Der Umbruch ist weiterhin im Gange

Thomas Waldraff, Marco Hinder, Andreas Fiederer, Timo Reutter, Alexander Reutter, Eike Bausback, Florian Köhler - um nur einige Namen zu nennen. Spieler-Kaliber, welche binnen der letzten vier Jahre ihre Laufbahn in der I. Mannschaft des FC Krauchenwies beendet haben. Spieler, welche zunächst das Trainer-Duo Alexander Reutter/Andreas Reisser, wie auch nun das Trainertrio Grom/Fiolka/Dettenmaier ersetzen musste.

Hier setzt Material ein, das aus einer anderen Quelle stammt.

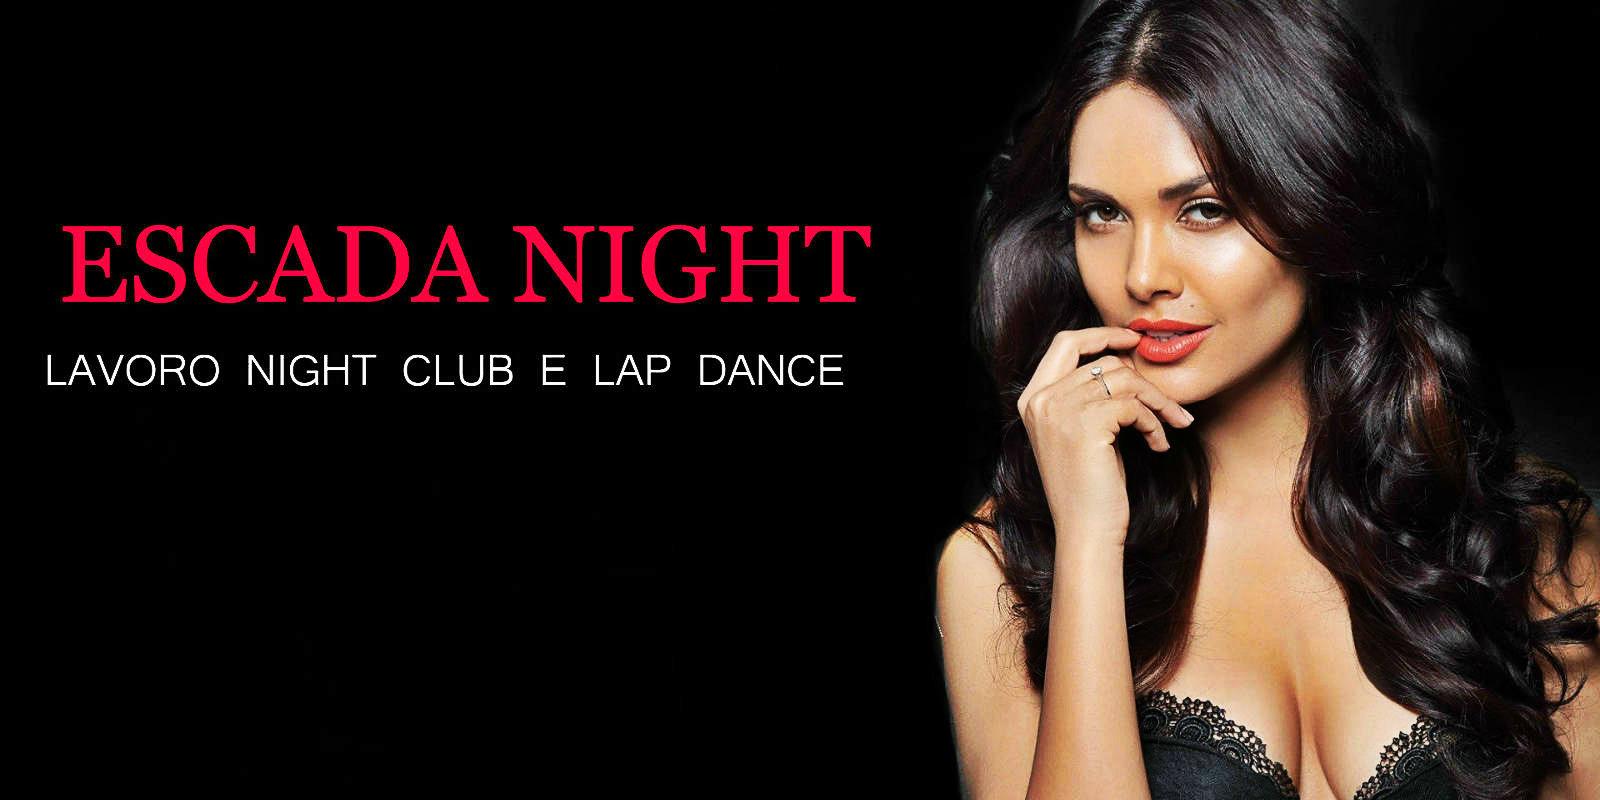 ESCADA NIGHT LAVORO NIGHT CLUB

Betrachtet man die abgelaufenen vier Spielzeiten, die letzte Landesliga-Saison mit dem Abstieg sowie die letzen drei Bezirksliga-Runden etwas differenzierter so sollte man, ohne sich voreingenommen auf die „Glas-halb-voll-Seite“ zu schlagen, den „Glas-halb-leer-Kritikern“ etwas nachschenken. War die erste Saison nach dem Abstieg (Platz 10/37 Punkte) aufgrund von unglaublichem Verletzungspech schwer sachlich einzuordnen, so kann über die beiden letzten Spielzeiten unter dem Trainertrio Grom/Fiolka/Dettenmaier behaupten, dass man jeweils eine durchaus beachtliche Runde gespielt hat, ebenfalls keineswegs frei von Verletzungspech. Dass dies nicht jeder so sieht, diesen Umstand hat man vielleicht mit der ergebnisstarken Vorrunde und der Wintermeisterschaft vorletzte Saison 2013/14 selbst unbewusst heraufbeschworen, träumten doch damals einige vorübergehend schon wieder von der Landesliga.

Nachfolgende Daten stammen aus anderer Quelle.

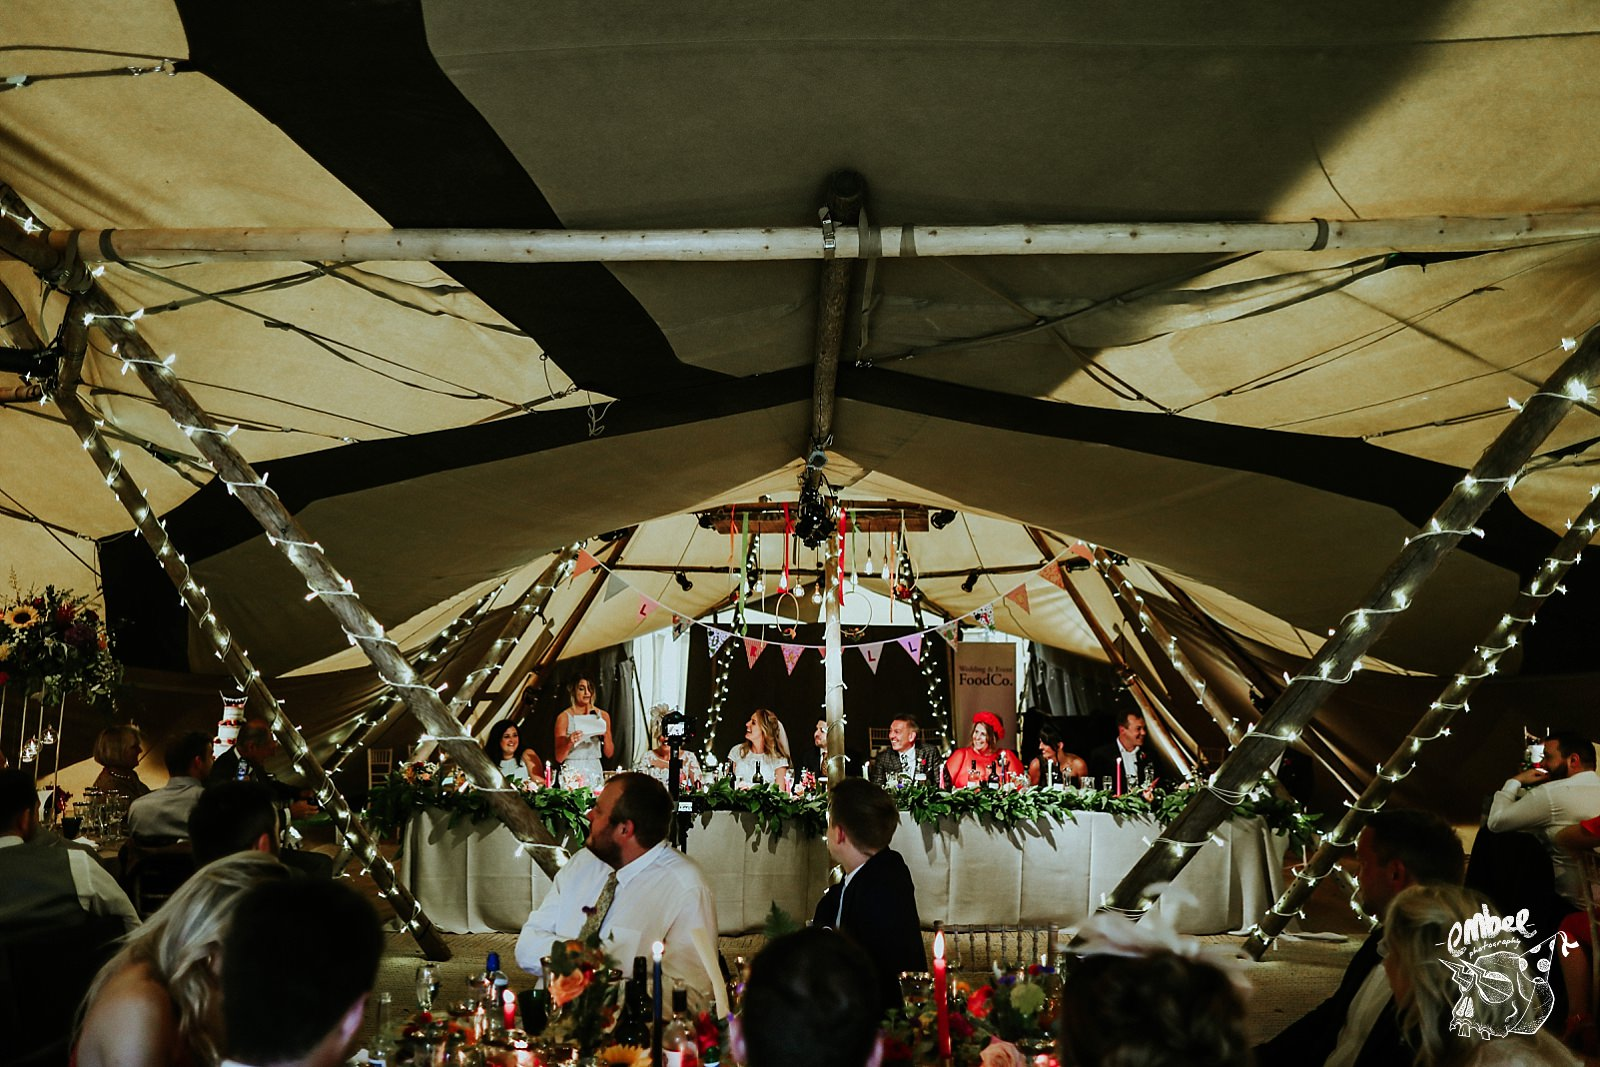 inside shot of the wedding tipi

In den Abschlußtabellen allerdings, und jene lügen bekanntlich nie, stehen nun in der Bezirksliga zuletzt zweimal Platz sechs zu Buche. Für die „Glas-halb-leer-Fraktion“ Abschlussplatzierungen mit rund zehn Punkten Rückstand auf die Spitze behaftet, während die „Glas-halb-voll-Beurteilung“ der Mannschaft im Zeichen des personellen Umbruchs mehr als ausreichend Luft zur Abstiegszone attestiert. Letztere Einschätzung gilt es dabei mit dem Hinweis zu verbinden, dass ein Bezirksliga-Verbleib in Zeiten von derartigen personellen Umbrüchen, auch in Krauchenwies, nicht als selbstverständlich anzusehen sind - prominente Beispiele für das Vollziehen solcher Prozesse über Jahren hinweg in der Kreisliga A gibt es im näheren Umkreis genug (Mengen, Hohentengen oder Ostrach).

Der FC Krauchenwies „bricht um“ - und das die letzten Jahre bis dato erfolgreich! Das scheidende Trainertrio Grom/Fiolka/Dettenmaier hat gute Arbeit geleistet, von dieser Einschätzung lässt sich die FCK-Führung nicht abbringen. Im Winter teilte Michael Grom der Vorstandsschaft mit, dass er nach vier Jahren FCK nach Saisonschluß den Trainerstuhl für unbestimmte Zeit ruhen lassen wolle. Damals Anstoß für die Vereinsführung, sich nach vielen Gesprächen bereits im Februar für einen neuen Weg nach der Saison zu entscheiden. Für alle Beteiligten keine einfach Situation. Umso beeindruckender, wie motiviert das scheidende Trainertrio die Rückrunde trotzdem anpackte und letztendlich dann auch mit dem Pokalsieg krönte. Gute Arbeit im sportlichen Bereich geleistet zu haben ist das eine, eine kameradschaftlich vorbildhafte Truppe zu hinterlassen eine sicherlich nicht weniger zu lobende Tatsache. So wird der neue Trainer Alexander Failer eine in allen Bereichen intakte Mannschaft vorfinden, mit welcher der FC Krauchenwies die kommende Runde optimistisch angehen wird.


Da ist das Ding! Links Daniel Dettenmaier (mit seinen Kindern Ben und Mila), in der Mitte Michael Grom und rechts Andreas Fiolka nach dem gewonnenen Pokalfinale in Hundersingen. Die offizielle Verabschiedung der Trainer wird im Rahmen der Generalversammlung am 25. Juni stattfinden.